Clobetasol for Oral Graft-Versus-Host Disease

The safety and scientific validity of this study is the responsibility of the study sponsor and investigators. Listing a study does not mean it has been evaluated by the U.S. Federal Government. Read our disclaimer for details. Identifier: NCT01557517
Recruitment Status : Completed
First Posted : March 19, 2012
Last Update Posted : October 19, 2017
Information provided by (Responsible Party):
National Institutes of Health Clinical Center (CC) ( National Cancer Institute (NCI) )

Brief Summary:


- Oral graft-versus-host disease (GVHD) is a possible complication of bone marrow transplants. It is the result of the donor cells trying to attack the recipient s body. Symptoms include dry mouth, sensitivity and pain when tasting certain spices and flavors, and painful swallowing. Steroids are a possible effective treatment for GHVD, but they can cause side effects when given as pills or injections. Steroids given in a cream or rinse form, applied directly to the site of the symptoms, can have fewer side effects. However, their effectiveness as a rinse has not been tested in the mouth. Researchers want to see if a steroid called clobetasol can be used as a mouth rinse to treat oral GHVD.


- To see if a clobetasol rinse is a safe and effective treatment for oral graft-versus-host disease.


- Individuals at least 12 years of age who have oral GHVD and are not allergic to clobetasol.

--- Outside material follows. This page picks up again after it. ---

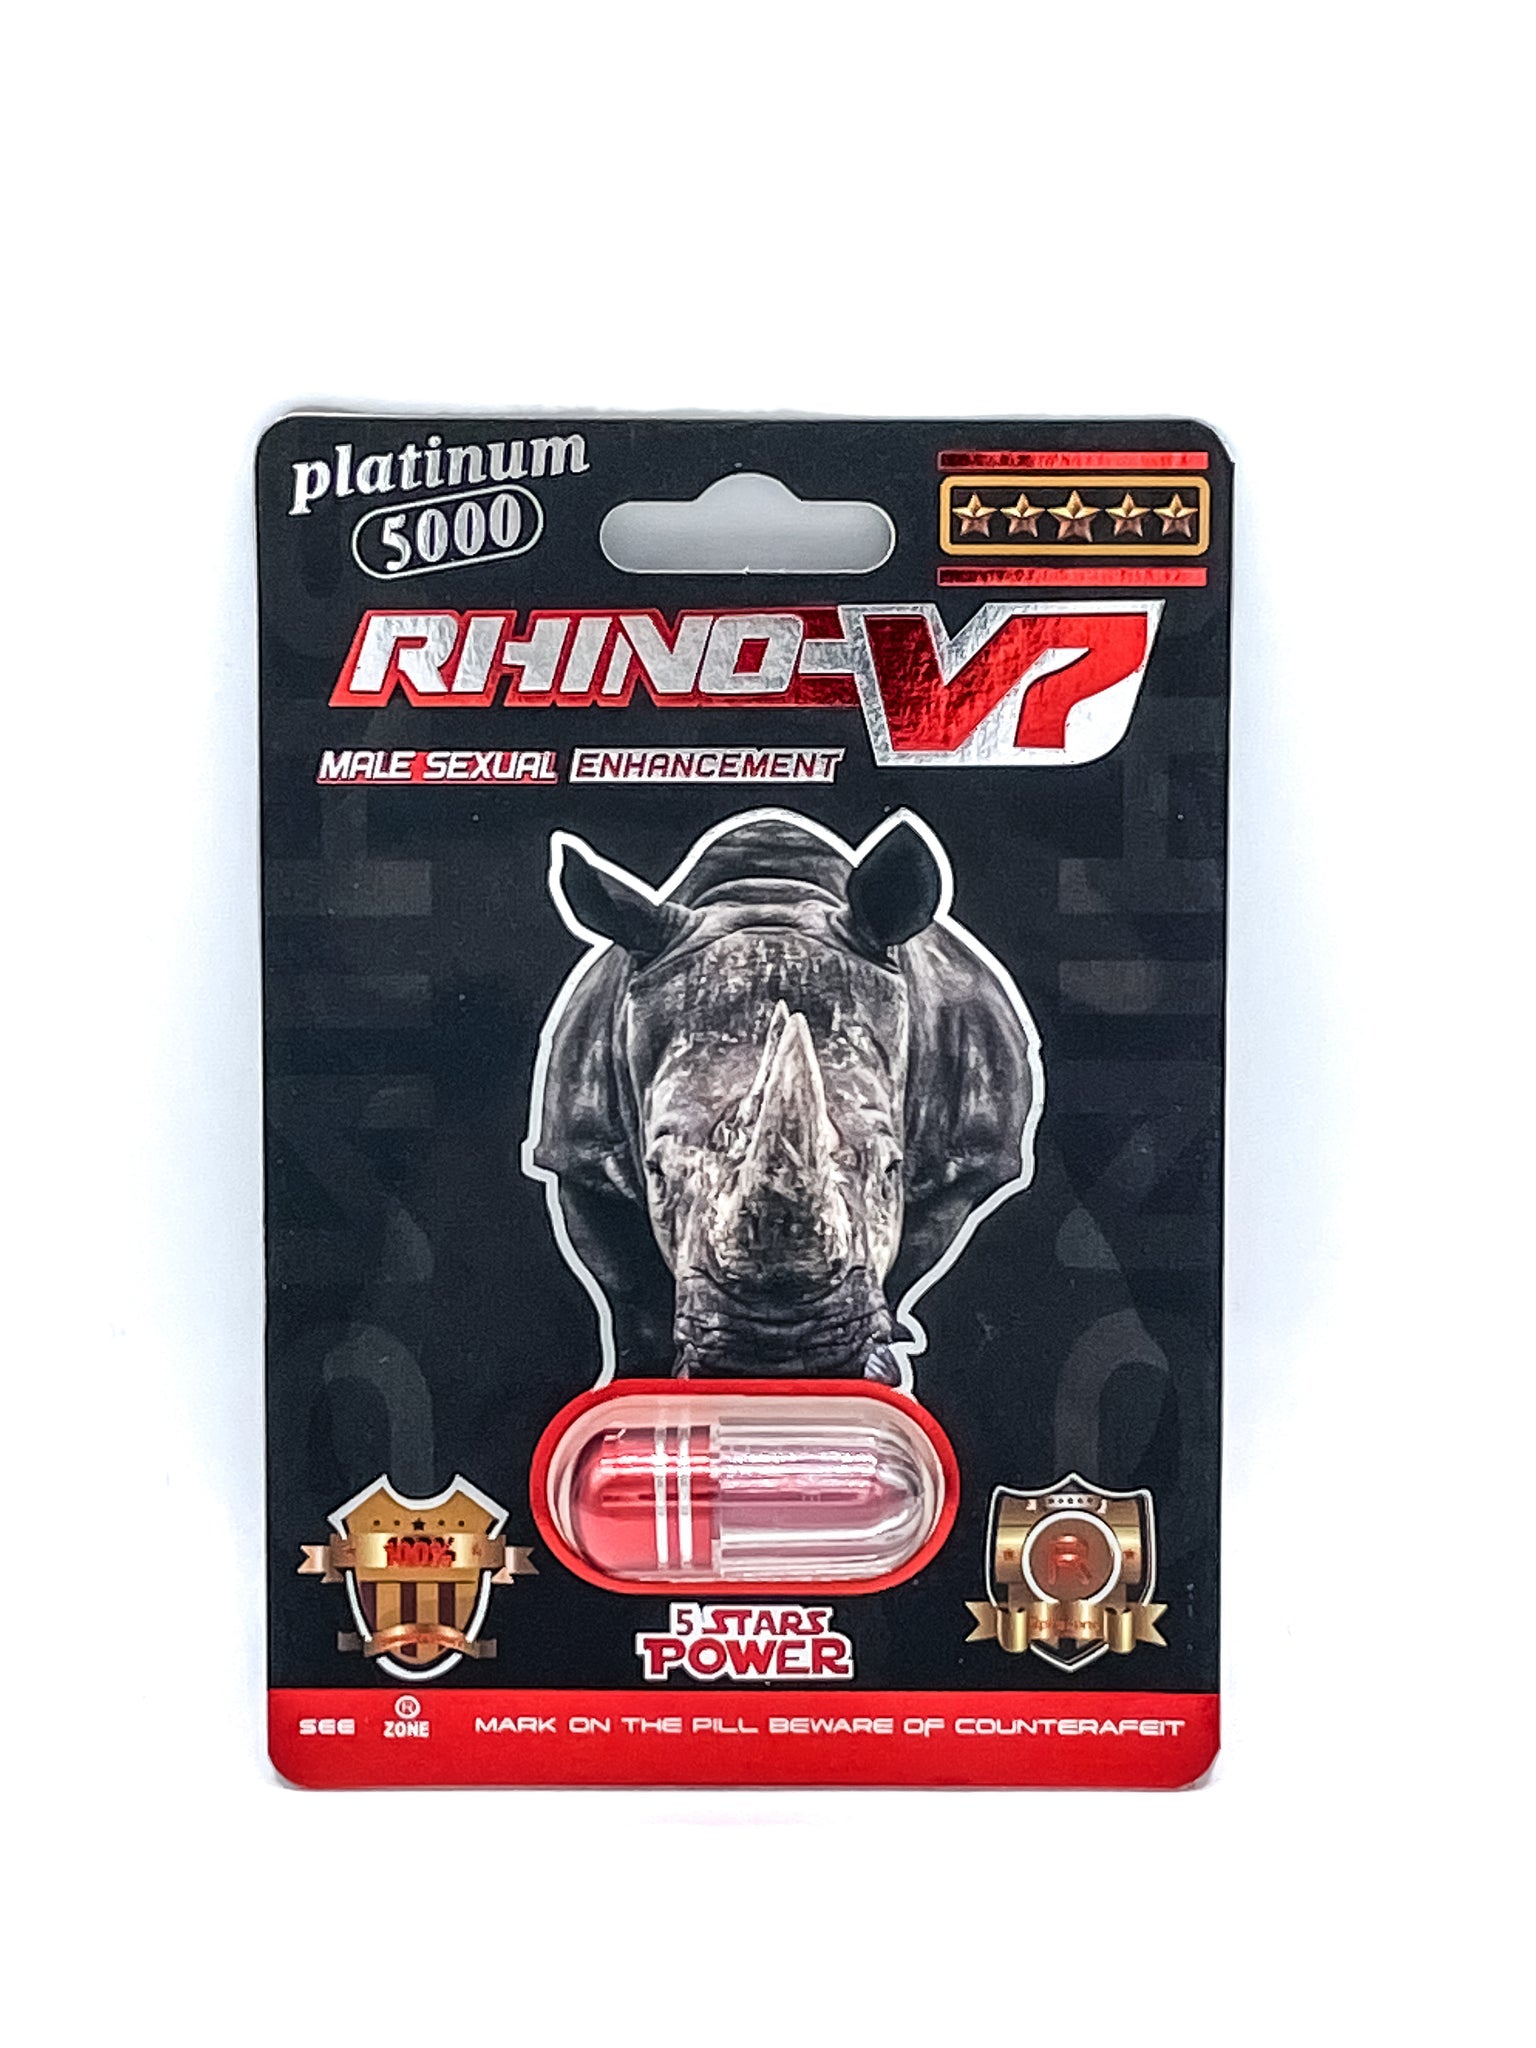 rhino v7 platinum 5000 male sexual enhancement

  • Participants will be screened with a physical exam and medical history. Blood and urine samples will be collected. They will also have an oral exam, a mouth tissue biopsy, and other tests before starting the study drug.
  • Participants will be separated into two groups. One group will receive clobetasol; the other will have a placebo liquid.
  • Participants will rinse their mouths with the study liquid three times a day after meals for 2 weeks.
  • After 2 weeks, participants will have another study visit with blood tests and other exams.
  • After the study visit, all participants will start to use the clobetasol rinse. Those who originally had clobetasol will use the rinse for another 2 weeks. Those who originally had a placebo will use the rinse for 4 weeks.
  • Participants will have a follow-up exam after the end of treatment....

Condition or disease Intervention/treatment Phase
Oral Chronic Graft vs Host Disease Drug: Clobetasol Oral Rinse Drug: Placebo oral rinse Phase 2

Detailed Description:


  • Chronic Graft versus Host Disease (cGVHD) is a major late complication of allogeneic hematopoietic stem cell transplantation.
  • The oral cavity is the second most commonly affected area in cGVHD and is a major cause of morbidity.
  • Clobetasol is a high-potency topical corticosteroid widely used for a variety of inflammatory disorders of the skin and oral mucosa.
  • Treatment of oral cGVHD by topical agents is an attractive strategy to potentially avoid adverse effects associated with systemic immunosuppression.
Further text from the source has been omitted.